Television Listings

Michael Jackson's death among 2009's major moments

 Michael Jackson
Michael Jackson's sisters, Janet Jackson (2nd L) and LaToya Jackson (3rd R) comfort two of his children, Paris (2nd R) and Prince Michael II (aka Blanket), as actress Brooke Shields (L) watches, during a memorial service for music legend Michael Jackson at the Staples Center in Los Angeles, California July 7, 2009. REUTERS/Gabriel Bouys/Pool
— image credit: Reuters

By Jill Serjeant

LOS ANGELES (Reuters) - The groundbreaking sci-fi movie "Avatar," Michael Jackson's death and Hollywood's $10 billion-plus box office record rank among the 2009 "moments of significance" recognized by the American Film Institute.

The advent of Twitter as a promotional force in television and movie marketing, NBC's cost-cutting TV experiment with "The Jay Leno Show," and what the AFI called a loss of boundaries for reality TV also were included in the institute's list of 2009 top media trends, accomplishments and influences.
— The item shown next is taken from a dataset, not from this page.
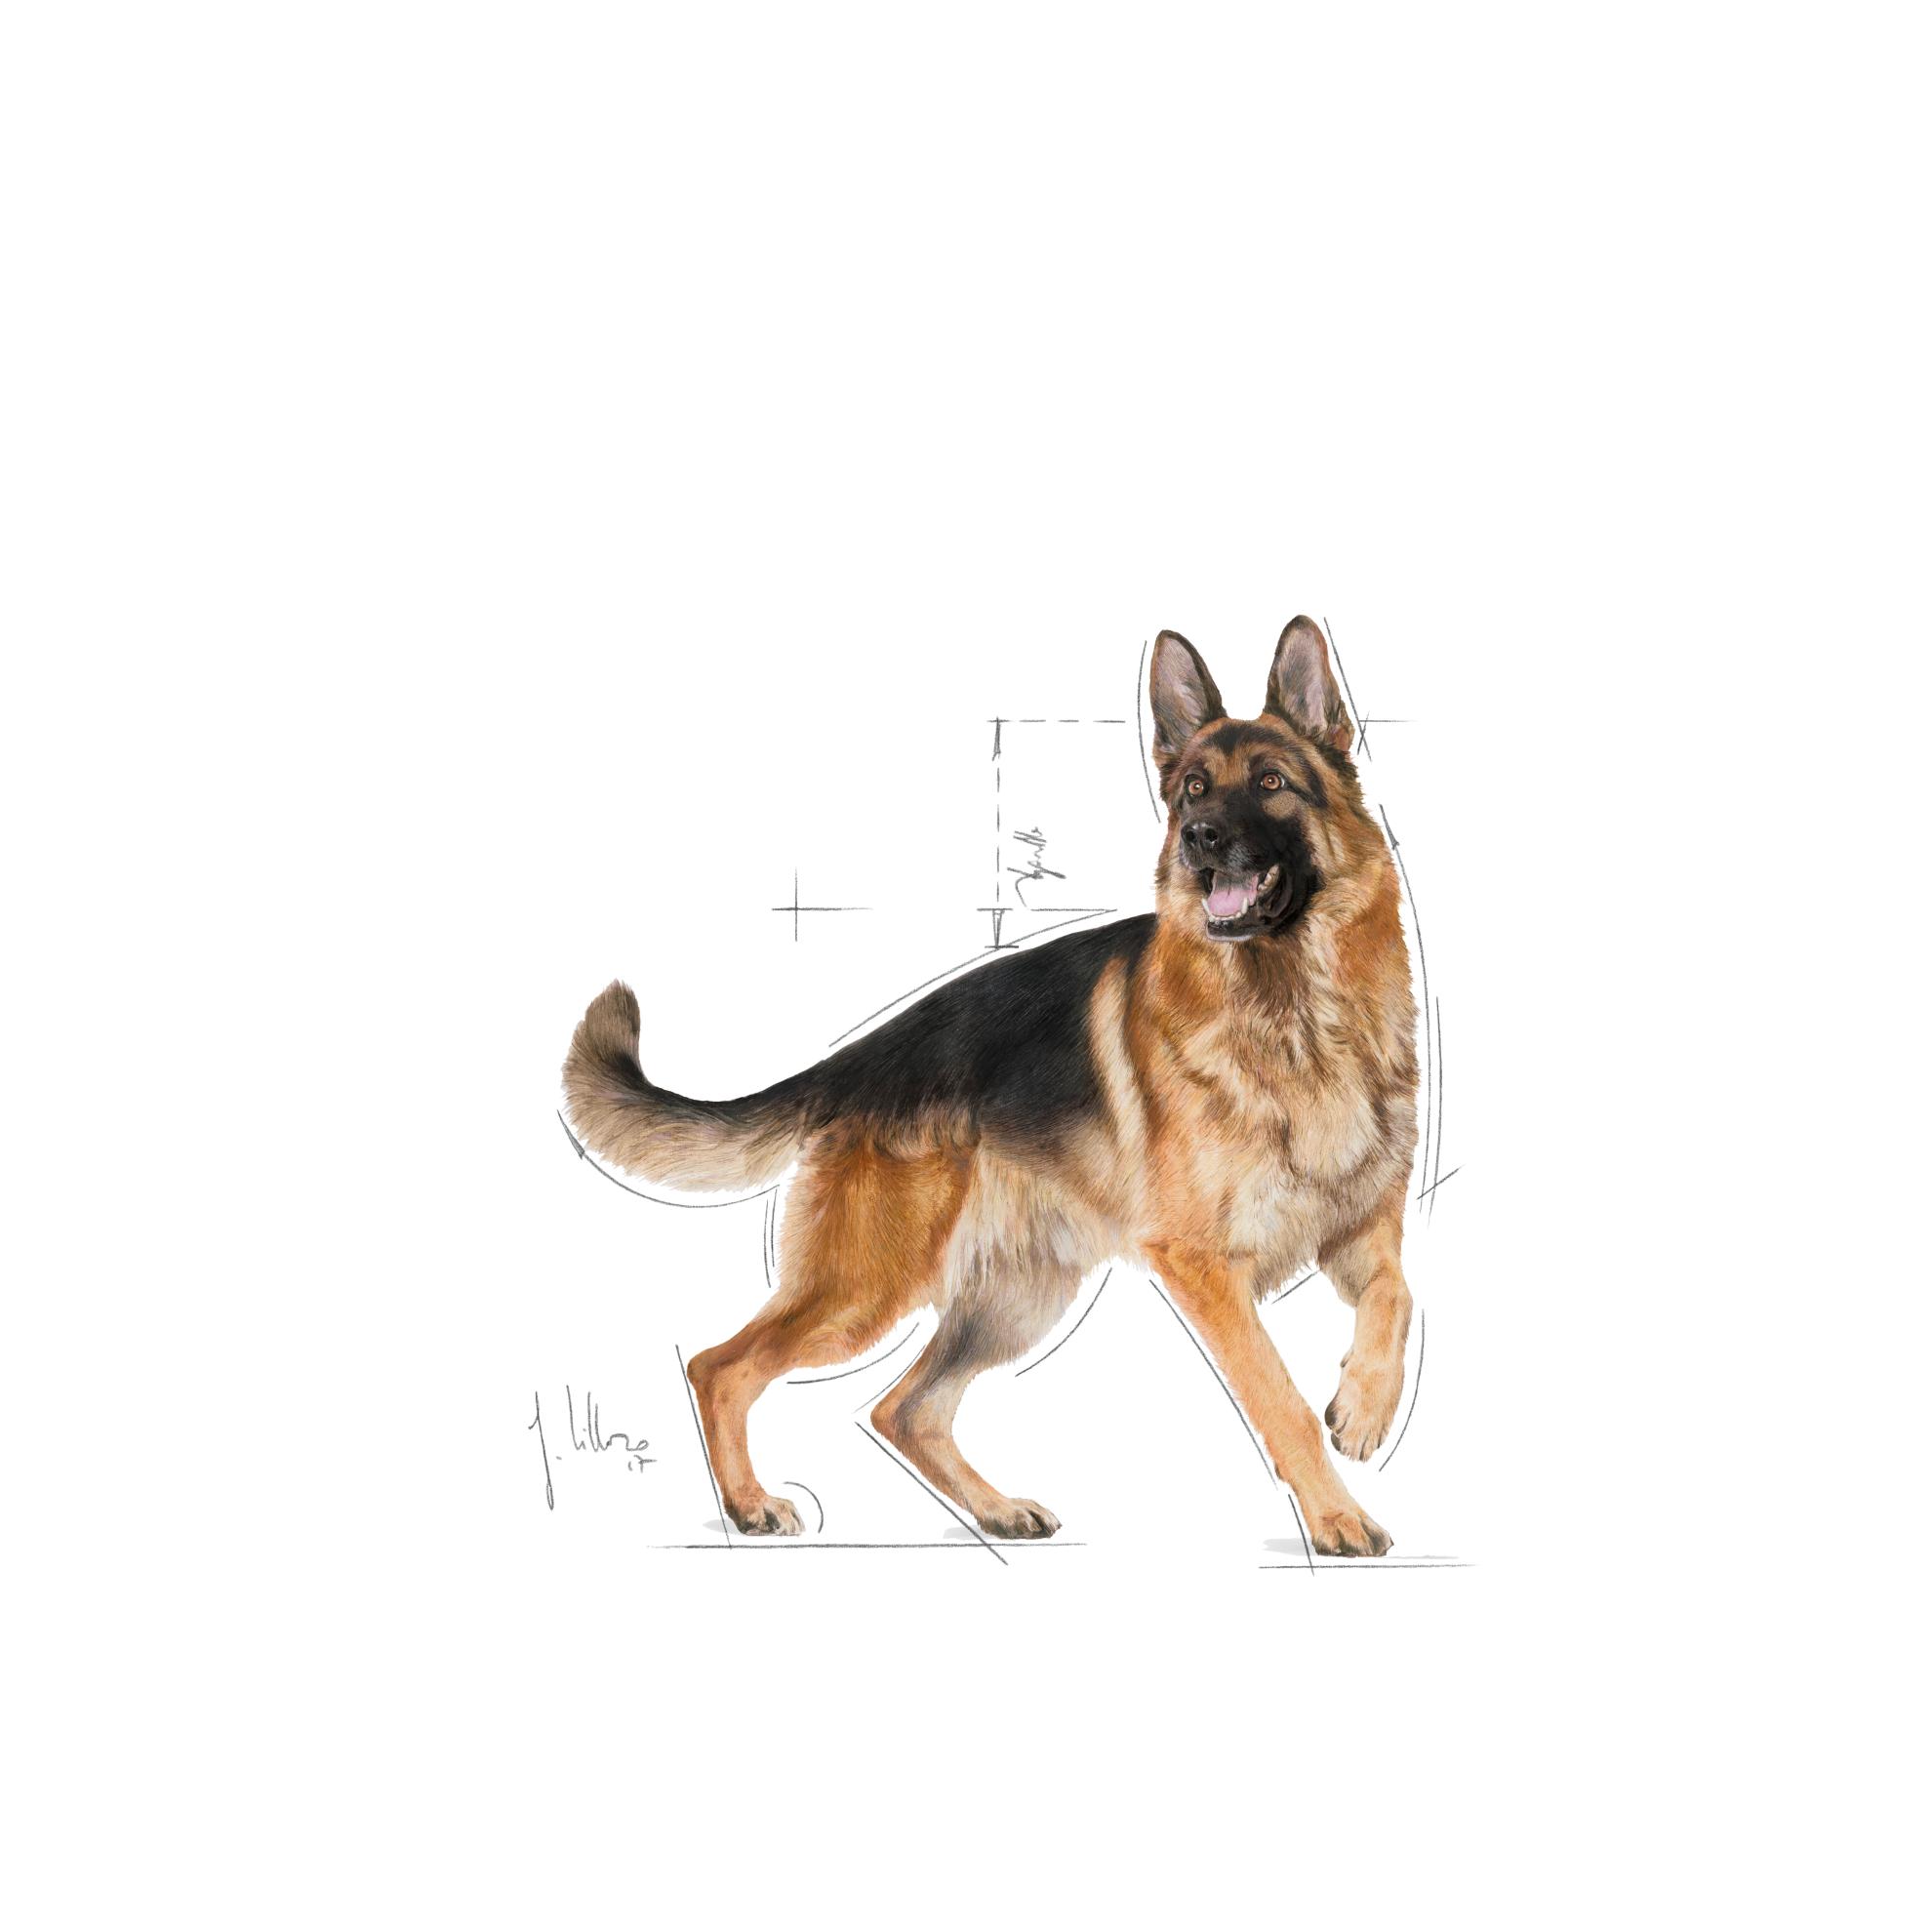 royal canin innehållsförteckning

The AFI called the 3-D extravaganza "Avatar" -- released two weeks ago to critical acclaim and robust ticket sales -- director James Cameron's "milepost in the evolution" of filmmaking. It said the movie's mix of storytelling and the technology behind its spell-binding visual flourishes "will have profound effects on the future of the (film) art form."

Michael Jackson's sudden death in June at age 50 was notable for the worldwide outpouring of grief and the "unprecedented global eulogy" of his posthumous concert rehearsal movie "This is It," the institute said.
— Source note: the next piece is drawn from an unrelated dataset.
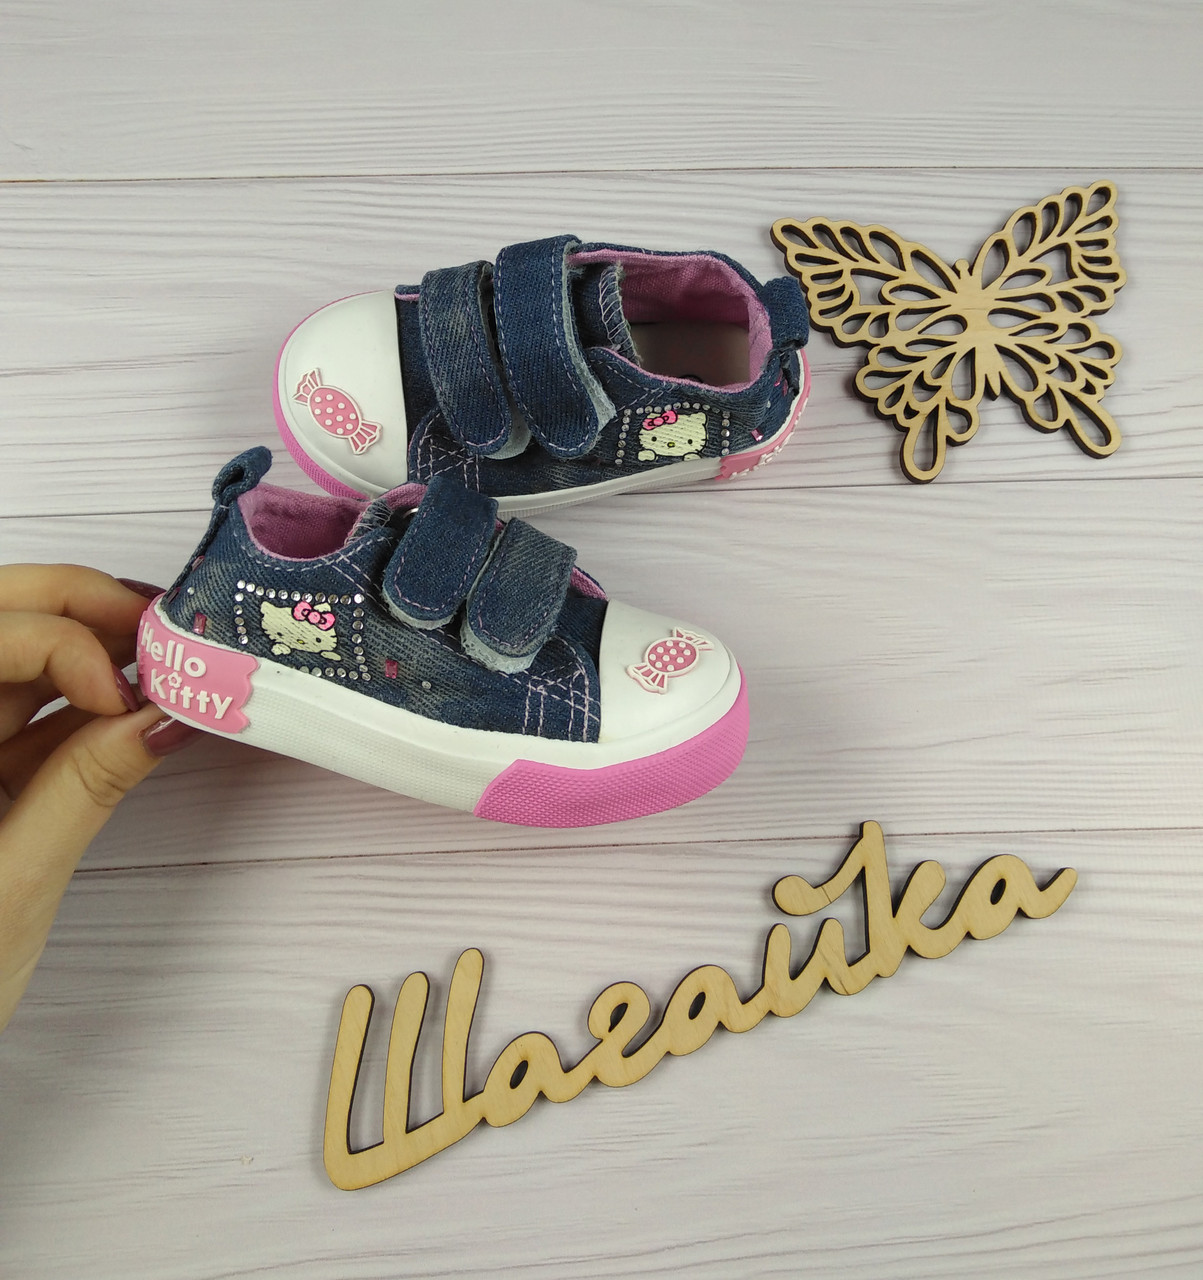 fbf01ec0 Кеды мокасины кроссовки на девочку 21-23 размер (12,8-13,6 см ...

Movie musicals and comedies in particular proved a refuge for Americans at a time of economic distress, the AFI said. North American ticket sales for 2009 crossed the annual $10 billion mark for the first time last week.

The brief but blazing notoriety sparked by the likes of "Octomom" Nadya Suleman, the hoax-perpetrating parents of "balloon boy," and the Washington couple accused of gate-crashing a White House state dinner showed that reality TV had crossed a line in 2009 "as the cultural craving for celebrity moved in a dangerous new direction," the AFI said.

It cited Leno's move in September to prime time as another chapter in the evolution of less expensive programing and the flight of quality dramas from commercial broadcast networks to cable channels.

The AFI also included on its list the analog TV switch-off in June 2009 and the cancellation of two long-running daytime TV soap operas, as well as the "extraordinary year" of animation with movies like "Fantastic Mr. Fox," "The Princess and the Frog" and "Cloudy with a Chance of Meatballs."